In a report, entitled The Liquidity Test Fixed Income ETFs were due for, Invesco said the NAVs were “meaningless” during the sharp sell-off in March as they did not reflect the true value of the underlying bonds.
The report comes after many bond ETFs traded at all-time high discounts as liquidity vanished in many parts of the credit market.
However, the US giant was keen to shift the spotlight away from ETFs and onto inherent flaws in the fixed income market.
“Investors have come to trust the NAV as an accurate benchmark of value for their mutual fund and ETF portfolios,” the report said. “Looking under the hood to examine how NAVs were calculated during this period has brought to light eye opening issues.”
This, the note said, is particularly prevalent in the bond market where the trades take place over-the-counter (OTC).
This is because there is not one official price to use for bonds when valuing the NAV compared to equities which trade on exchange.
“It is foolish to blindly trust the NAV of an ETF or mutual funds that includes OTC traded securities,” it continued. “We hope this analysis creates a call to action for changes to fixed income market structure and opens doors for new pricing agents with more robust analytics to better handle these situations.”
Similar findings have also been made by the Bank for International Settlements (BIS) and the Bank of England (BoE0 which said ETF prices provided information about future changes in the underlying assets.
When ETFs were trading at wide discounts, the BoE said this showed NAVs were not factoring in the latest price information compared to an ETF which was trading intraday on exchange.

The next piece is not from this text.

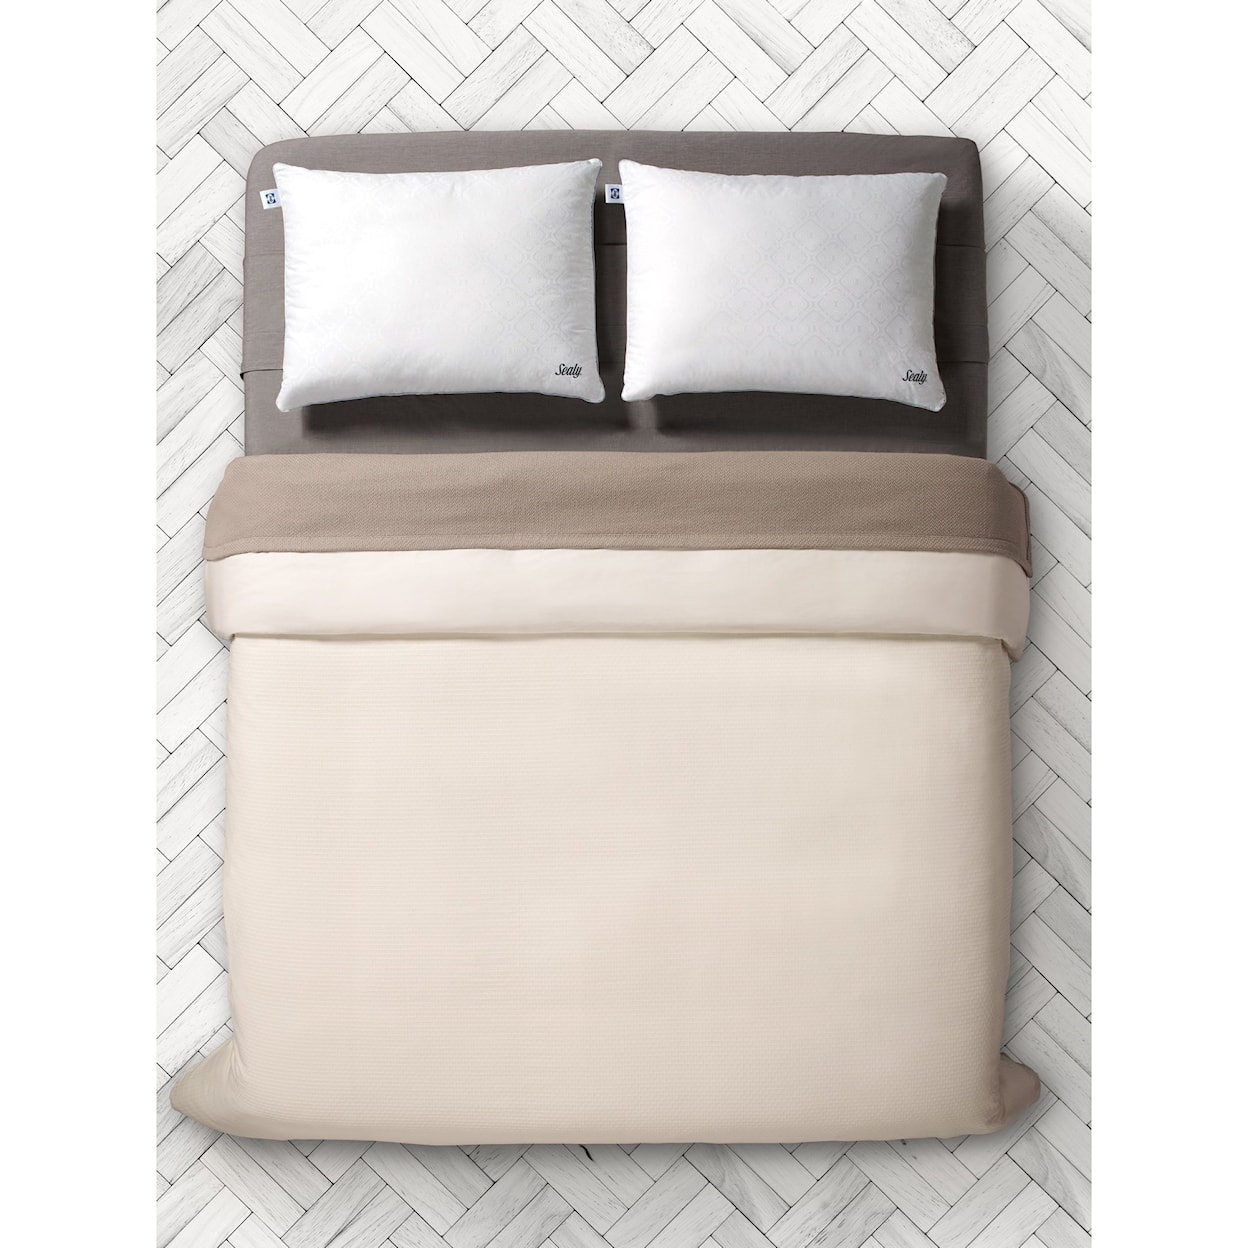 Sealy Conform Pillow Conform Multi-Comfort Bed Pillow
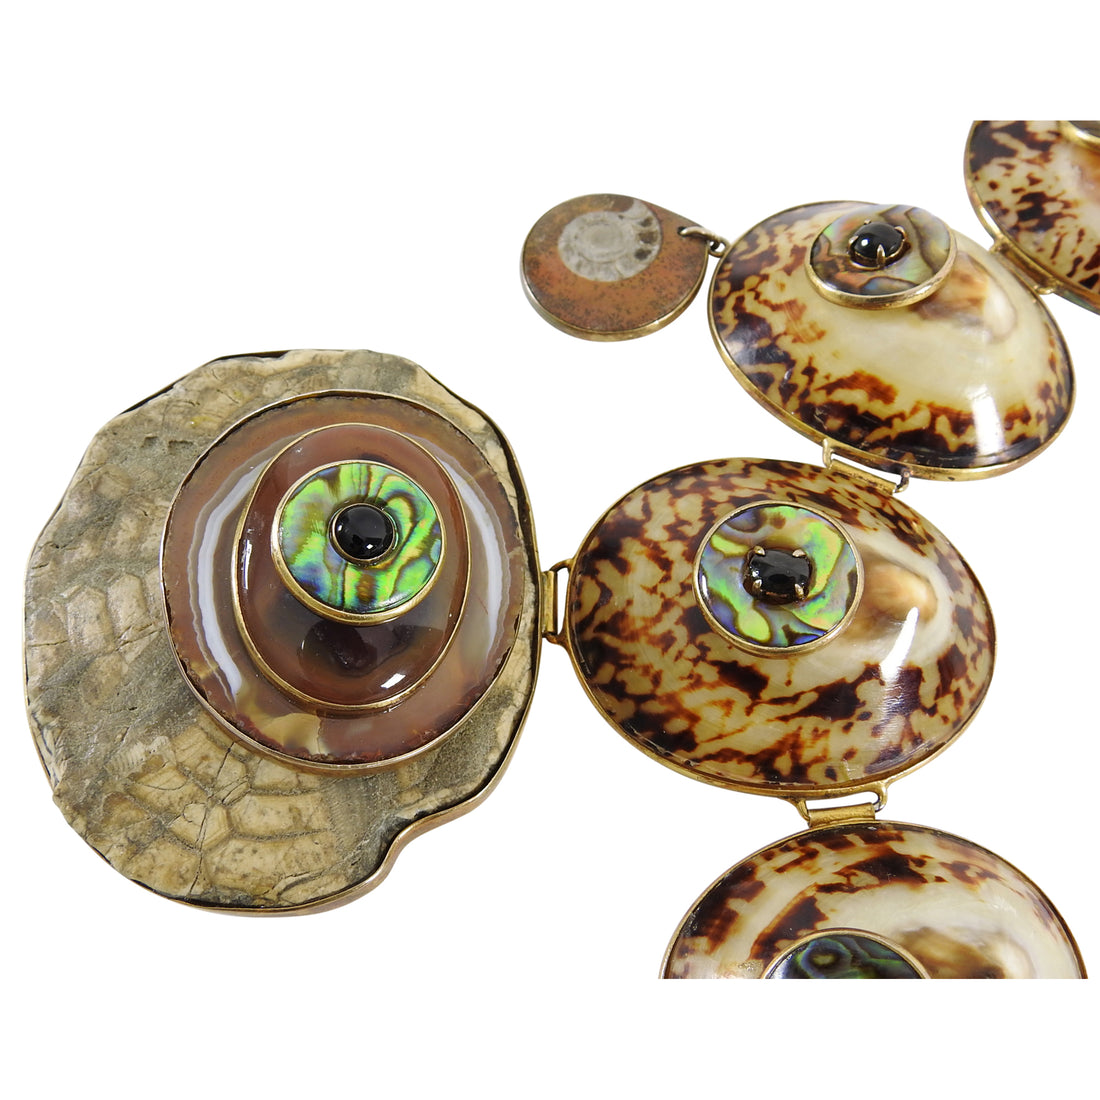 Tony Duquette 1999 Talisman Bib Necklace in Box - Ammonite and Shells

Furthermore, an ETF Stream survey of 50 fund buyers across Europe found 80% of respondents had either increased their appetite for bond ETFs or had not changed their view following the all-time high discounts.
Invesco said it is not entirely fair to place all of the blame on third party calculation agents as they are tasked with trying to value a bond with no traded price to reference.
However, the firm added it did highlight the need for enhancements to fixed income market structure as well as improvements in NAV calculation methodologies.
“More OTC markets should have central reporting of trades and prices, with this data then broadly being distributed to market participants with minimal delay.
“Additionally, there should be more reliance placed on traded prices than stale or non-executable dealer quotes.”